22:43karolherbst: I don't know
22:43karolherbst: but nvidia hardware can do this
22:43karolherbst: well.. recent one at least
22:43karolherbst: or rather those which support SR-IOV
22:43DemiMarie: which are unobtanium IIUC
22:44karolherbst: I think ampere can do it already as well
22:44DemiMarie: In my world, if it isn’t something the average user can afford, it doesn’t exist
22:44karolherbst: and generally consumer GPUs
22:44karolherbst: I think
22:44DemiMarie: Are you referring to https://libvf.io?
22:44karolherbst: mhh?
22:44DemiMarie: okay
22:45karolherbst: but anyway, you just have to set up the device partitions somewhere and then you have leanly isolated partitons of the GPU
22:46karolherbst: each with their own page tables and everything
22:46DemiMarie: One question I always have about hardware partitioning is, “How much is actually partitioned, and how much of this is just firmware trickery?”.

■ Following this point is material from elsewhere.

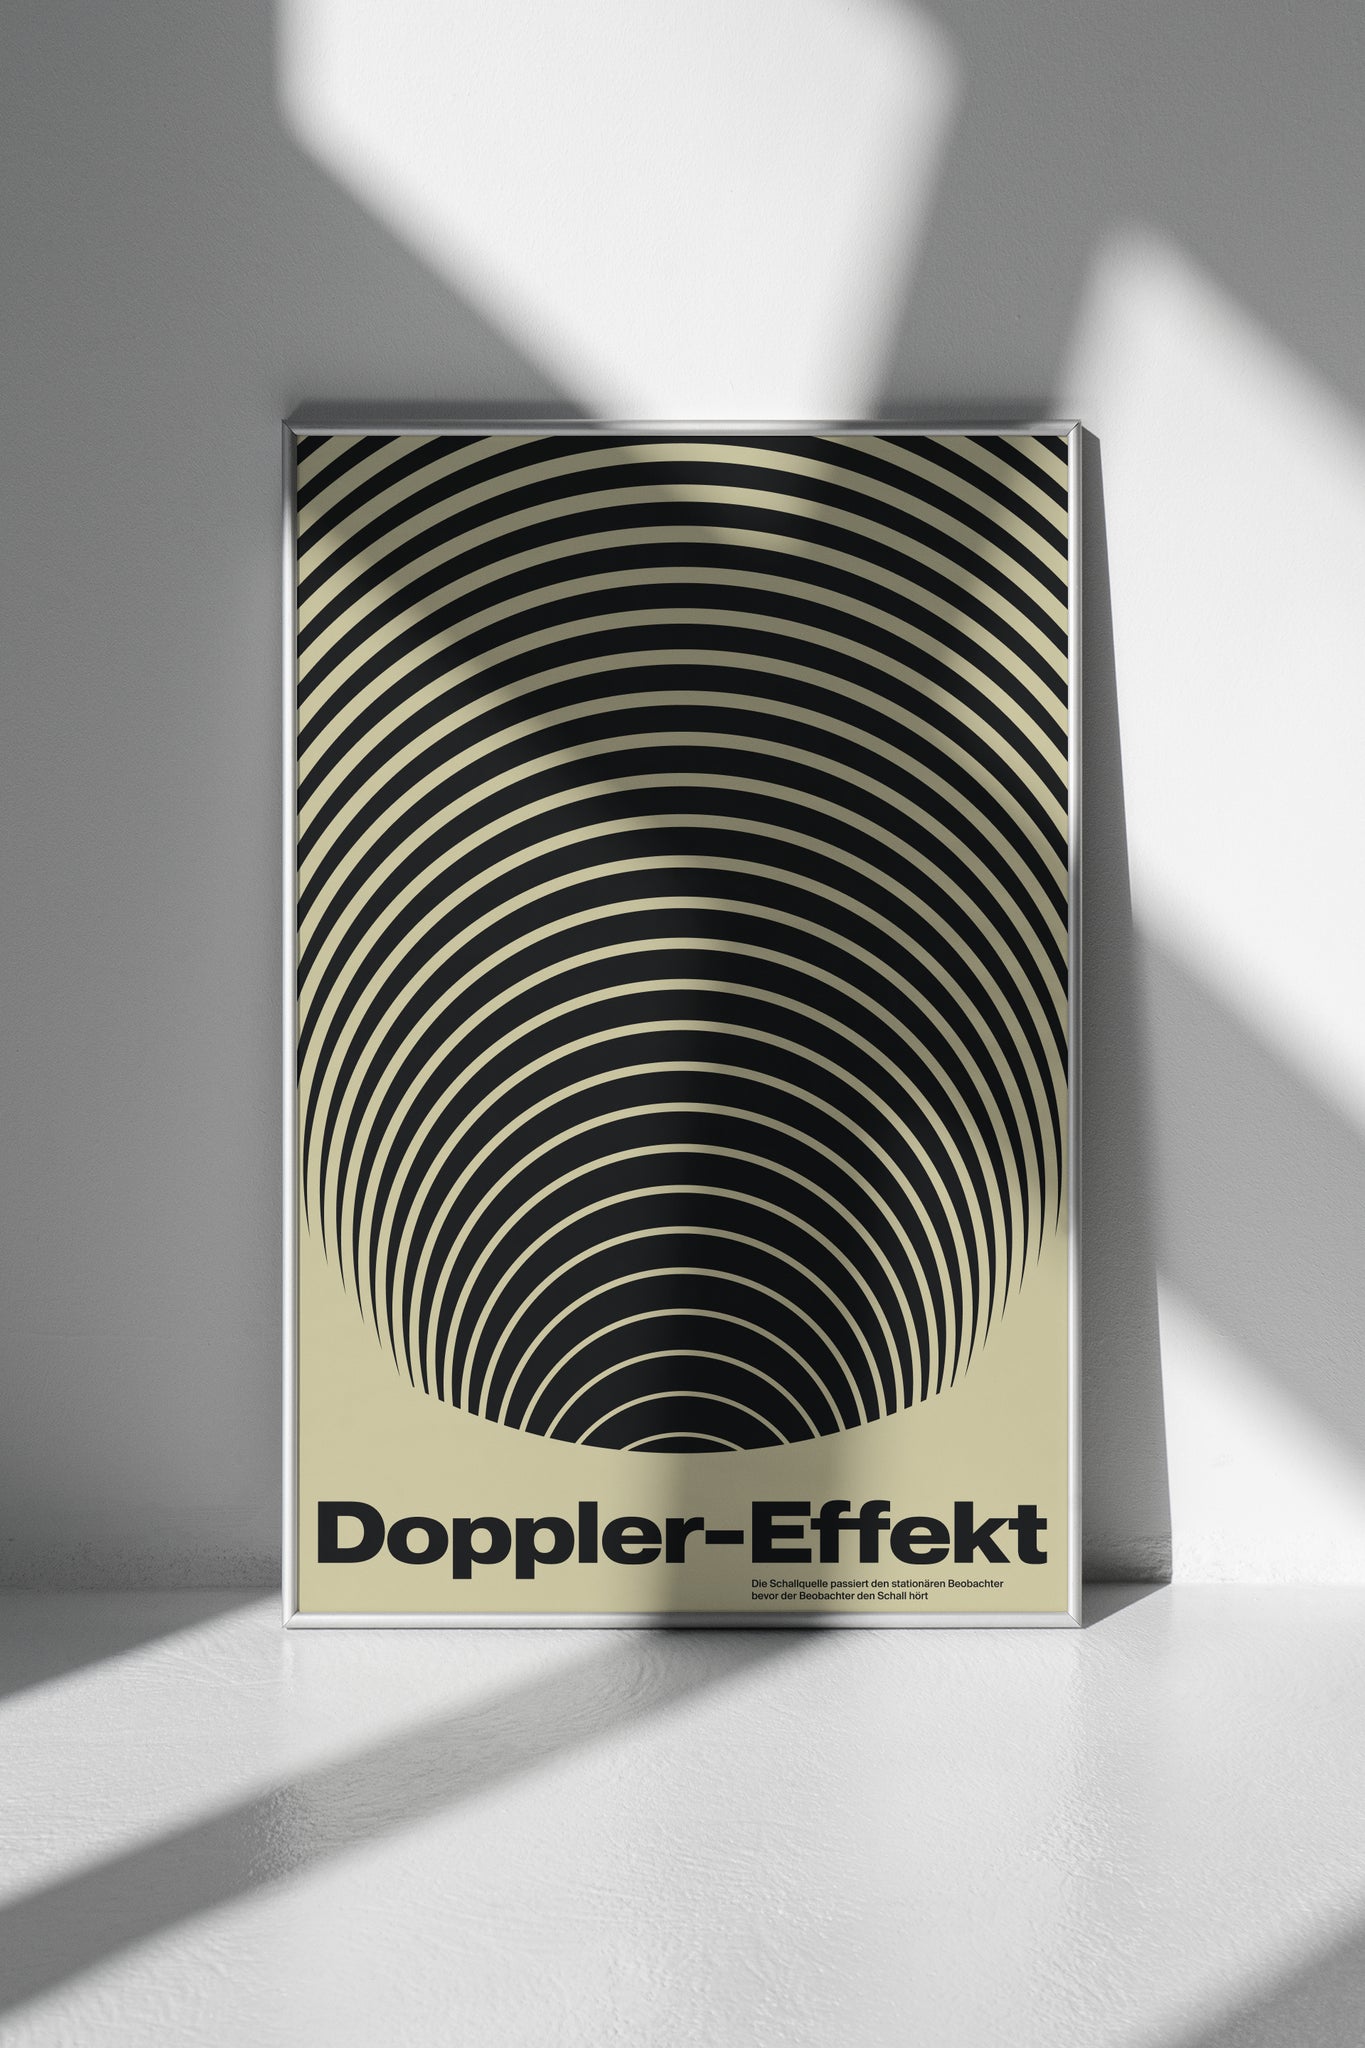 Doppler-Effekt poster by Xtian Miller via SIGNAL A

22:46DemiMarie: Because the on-device firmware is a significant attack surface.
22:46karolherbst: on nvidia it's almost all in hardware
22:47karolherbst: you still have the firmware for context switching which is shared, but the actual resources used by actual workloads is all split
22:47karolherbst: (in hardware)
22:47karolherbst: there are fields to assign SMs to partitions, can do it even finer grained afaik
22:47karolherbst: same for VRAM
22:48DemiMarie: Even on consumer GPUs?
22:48karolherbst: yeah
22:48DemiMarie: What about the RM API?
22:48karolherbst: dunno if nvidia enables it though in their driver
22:48karolherbst: well.. I think GSP still would run shared as you only have one GSP processor on the GPU still
22:48DemiMarie: Yeah
22:49karolherbst: but that's mostly doing hardware level things
22:49karolherbst: really doens't matter much
22:49DemiMarie: I thought much of the RM API was implemented in firmware.

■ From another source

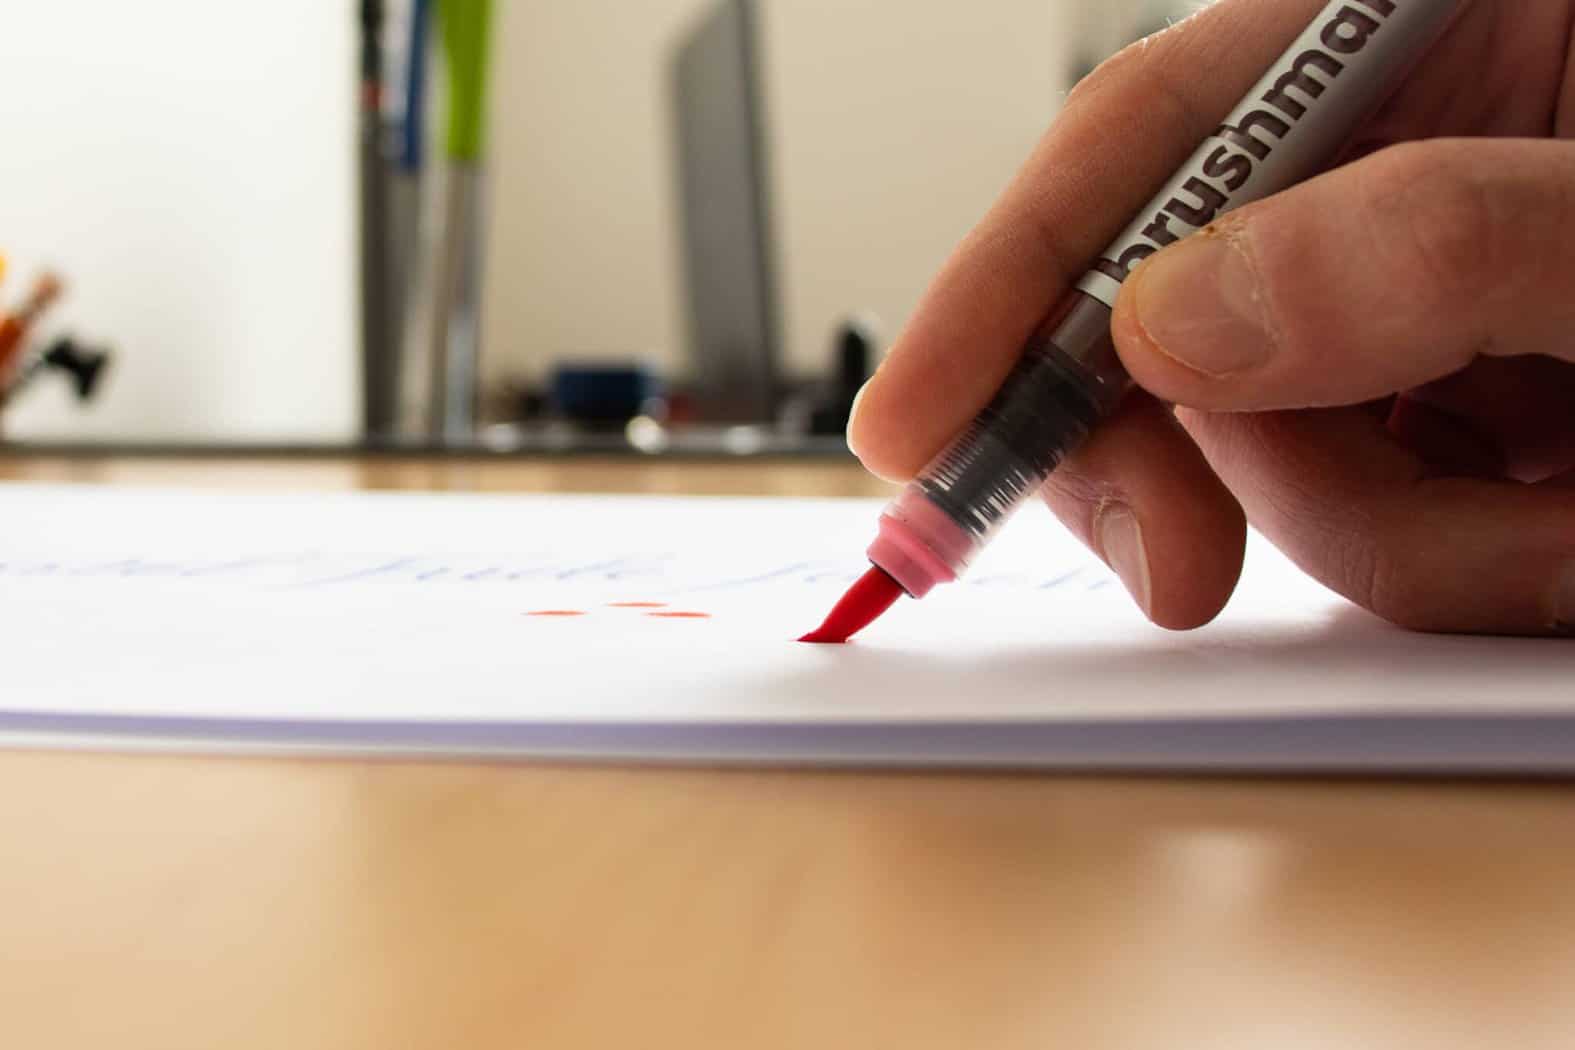 The Best Brush Pens For Beginners - Rayane Alvim - Hand Lettering &  Calligraphy

22:49DemiMarie: Stuff like memory allocation.
22:49karolherbst: nah, that stuff exists outside afaik
22:50karolherbst: that's performance sensitive stuff,
22:51karolherbst: but allocating memory is also very boring
23:33DavidHeidelberg[m]:
23:33DavidHeidelberg[m]: mupuf amdgpu:codename:NAVI21 also down? So I can disable also VALVE farm?